11. Ayant constaté l'absence de convocation du conseil de discipline, la cour d'appel, qui n'avait dès lors, ni à s'expliquer sur les motifs de l'absence de délégués du personnel à la réunion du 27 juin 2013, ni à constater que leur absence à cette réunion avait influé sur la décision du comité d'établissement de licencier le salarié, a exactement décidé que le licenciement était intervenu en violation de la garantie de fond prévue par le règlement intérieur et était, en conséquence, sans cause réelle et sérieuse.

12.Le moyen est, dès lors, inopérant.

Mais sur le moyen du pourvoi incident, pris en sa septième branche, en ce qu'il fait grief à l'arrêt de condamner le comité social et économique à verser les sommes de 32 942,60 euros à titre d'indemnité de préavis et de 3 294,60 euros à titre de congés payés afférents

Enoncé du moyen

13. Le comité social et économique fait grief à l'arrêt de le condamner à verser les sommes de 32 942,60 euros à titre d'indemnité de préavis et de 3 294,60 euros à titre de congés payés afférents, alors « que le règlement intérieur applicable au personnel du comité d'établissement opérations aériennes ne comporte aucune disposition relative à la durée du préavis ; qu'en revanche, le règlement du personnel CCE / CE / ASAF prévoit d'une part que les cadres principaux bénéficient d'un délai de 3 mois, d'autre part qu'ont la qualité de cadre principaux les salariés de niveau C 4 ; qu'en l'espèce, la cour d'appel a constaté que M. [Z] avait la qualité de cadre, en dernier état au coefficient 808 niveau C4", ce dont il résulte qu'en application du règlement du personnel précité, il n'avait droit qu'à un préavis de trois mois ; qu'en décidant que M. [Z], salarié de niveau C4, bénéficiait d'un préavis de 6 mois, la cour d'appel a violé le règlement intérieur par fausse application et le règlement du personnel par refus d'application. »

Réponse de la Cour

Vu la réglementation du personnel CCE.AF-CE.AF-ASAF en son titre 9, point 4.3 et son annexe I relative à la définition de l'emploi et au classement hiérarchique :

14. Pour condamner le comité social et économique à verser au salarié les sommes de 32 942,58 euros à titre d'indemnité compensatrice de préavis et de 3 294,25 euros à titre de congés payés afférents, l'arrêt retient qu'il résulte du règlement intérieur que les cadres de la catégorie C3 sont des cadres supérieurs et que ceux-ci doivent bénéficier d'un préavis de 6 mois.

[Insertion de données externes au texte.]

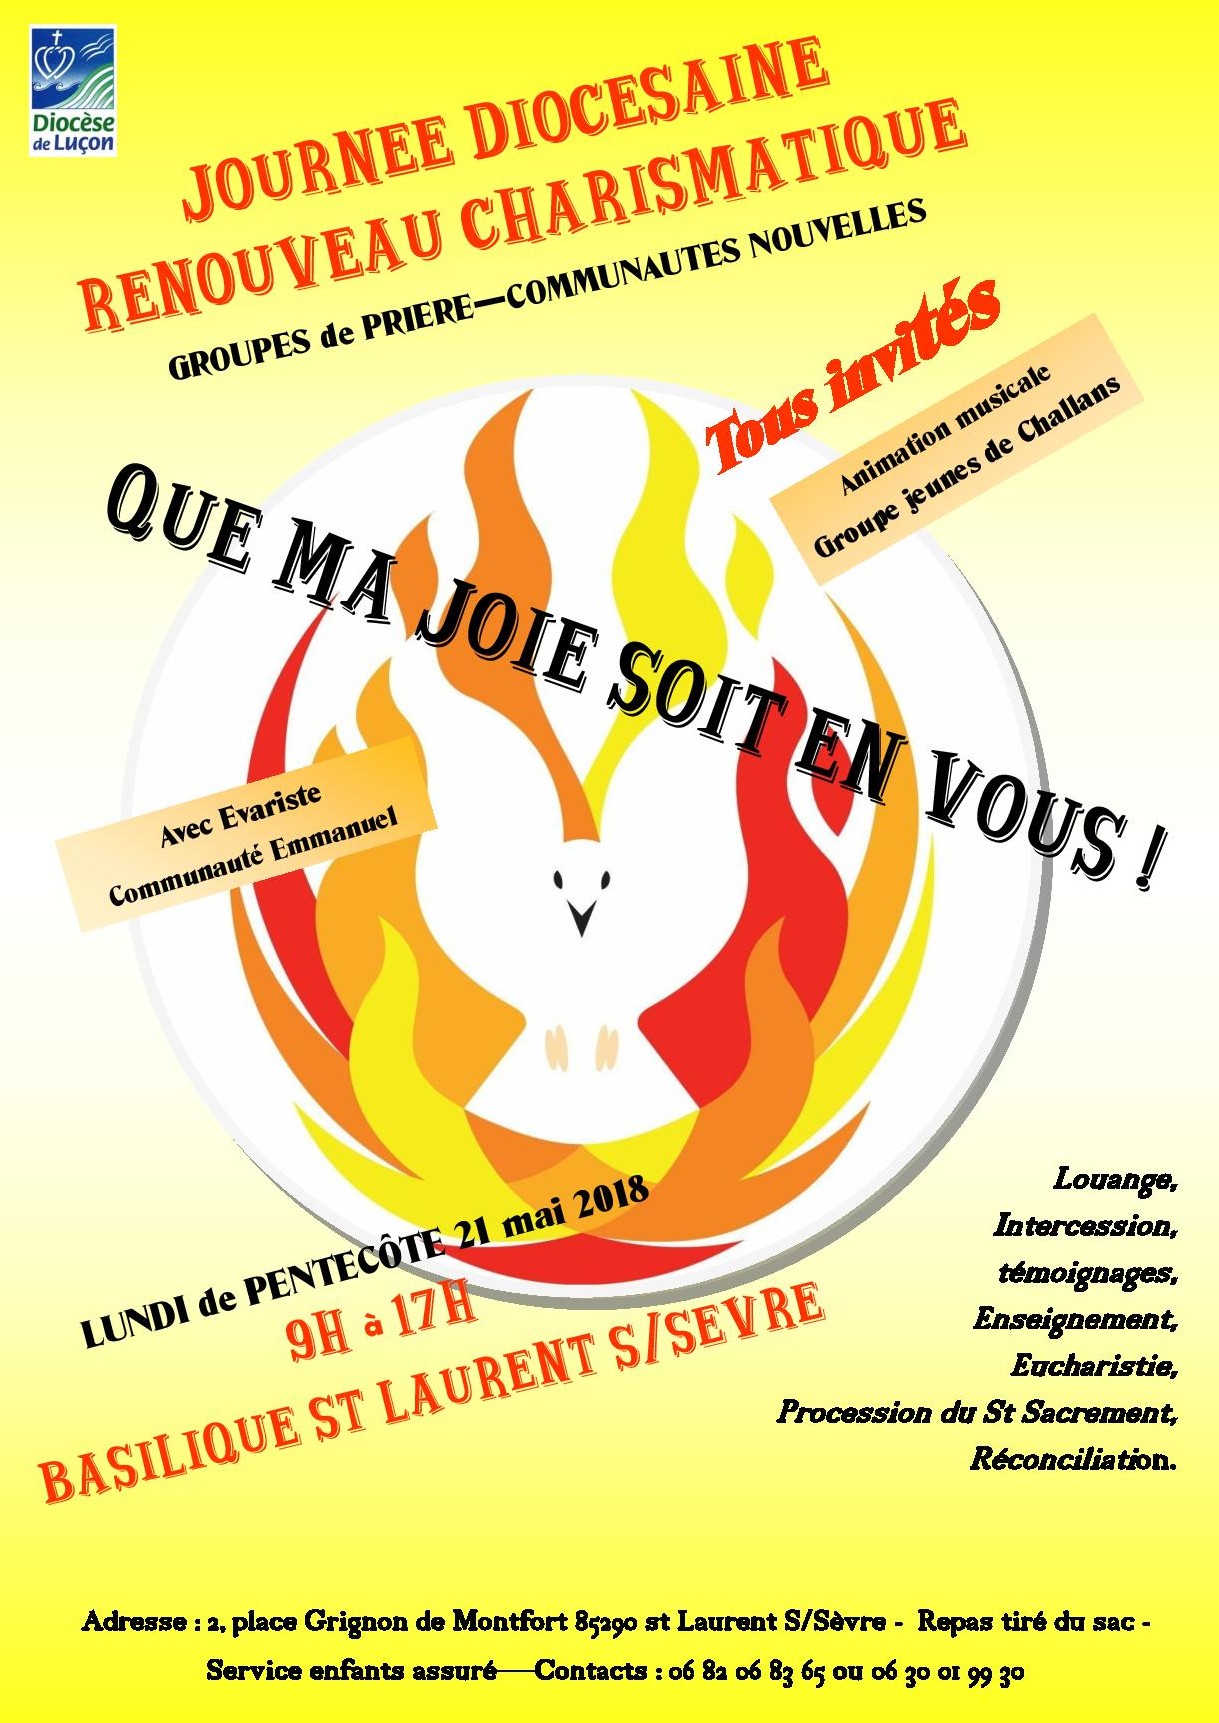 Journée diocésaine (Luçon) Renouveau Charismatique : “Que ma joie soit en vous !” le 21 mai 2018 à St Laurent-sur-Sèvre (85)
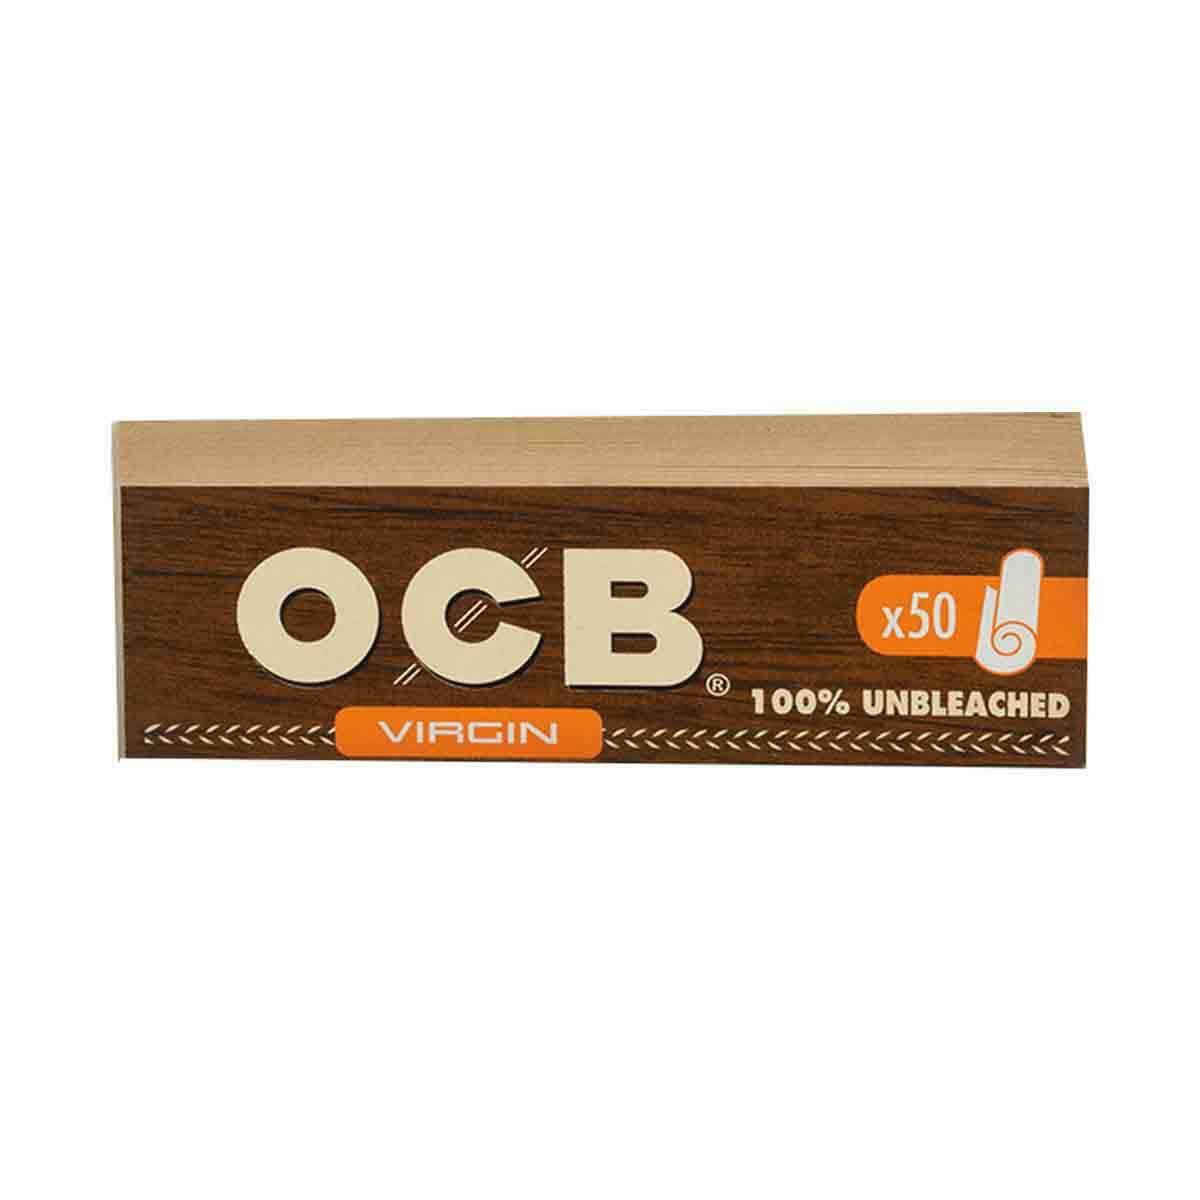 OCB Virgin Brown Tips

15. En statuant ainsi, alors que la réglementation du personnel CCE.AF-CE.AF-ASAF prévoit en son titre 9, point 4.3, un préavis de licenciement dont le délai est de 3 mois pour les personnels du groupe C (cadres et cadres principaux) et 6 mois pour les personnels du groupe C (cadres supérieurs) et qu'il résulte de la « grille des coefficients de rémunération-tableau général des emplois » de l'annexe I relative à la définition de l'emploi et au classement hiérarchique que les trois niveaux de classement des « cadres supérieurs » sont : C09, C08, C07 et que les trois niveaux de classement des « cadres principaux » sont : C06, C05, C04, et qu'elle avait constaté qu'au vu de ses bulletins de salaire le salarié relevait de la catégorie C4, la cour d'appel a violé le texte susvisé.


PAR CES MOTIFS, la Cour :

CASSE ET ANNULE, mais seulement en ce qu'il condamne le comité social et économique exploitation aérienne de la société Air France à payer à M. [Z] les sommes de 32 942,58 euros au titre de l'indemnité compensatrice de préavis et de 3 294,25 euros au titre des congés payés afférents, l'arrêt rendu le 9 mars 2022, entre les parties, par la cour d'appel de Paris ;

Remet, sur ces points, l'affaire et les parties dans l'état où elles se trouvaient avant cet arrêt et les renvoie devant la cour d'appel de Paris autrement composée ;

Condamne le comité social et économique exploitation aérienne de la société Air France aux dépens ;

En application de l'article 700 du code de procédure civile, rejette la demande formée par le comité social et économique exploitation aérienne de la société Air France et le condamne à payer à M. [Z] la somme de 3 000 euros ;

Dit que sur les diligences du procureur général près la Cour de cassation, le présent arrêt sera transmis pour être transcrit en marge ou à la suite de l'arrêt partiellement cassé ;

Ainsi fait et jugé par la Cour de cassation, chambre sociale, et prononcé par le président en son audience publique du quatre octobre deux mille vingt-trois.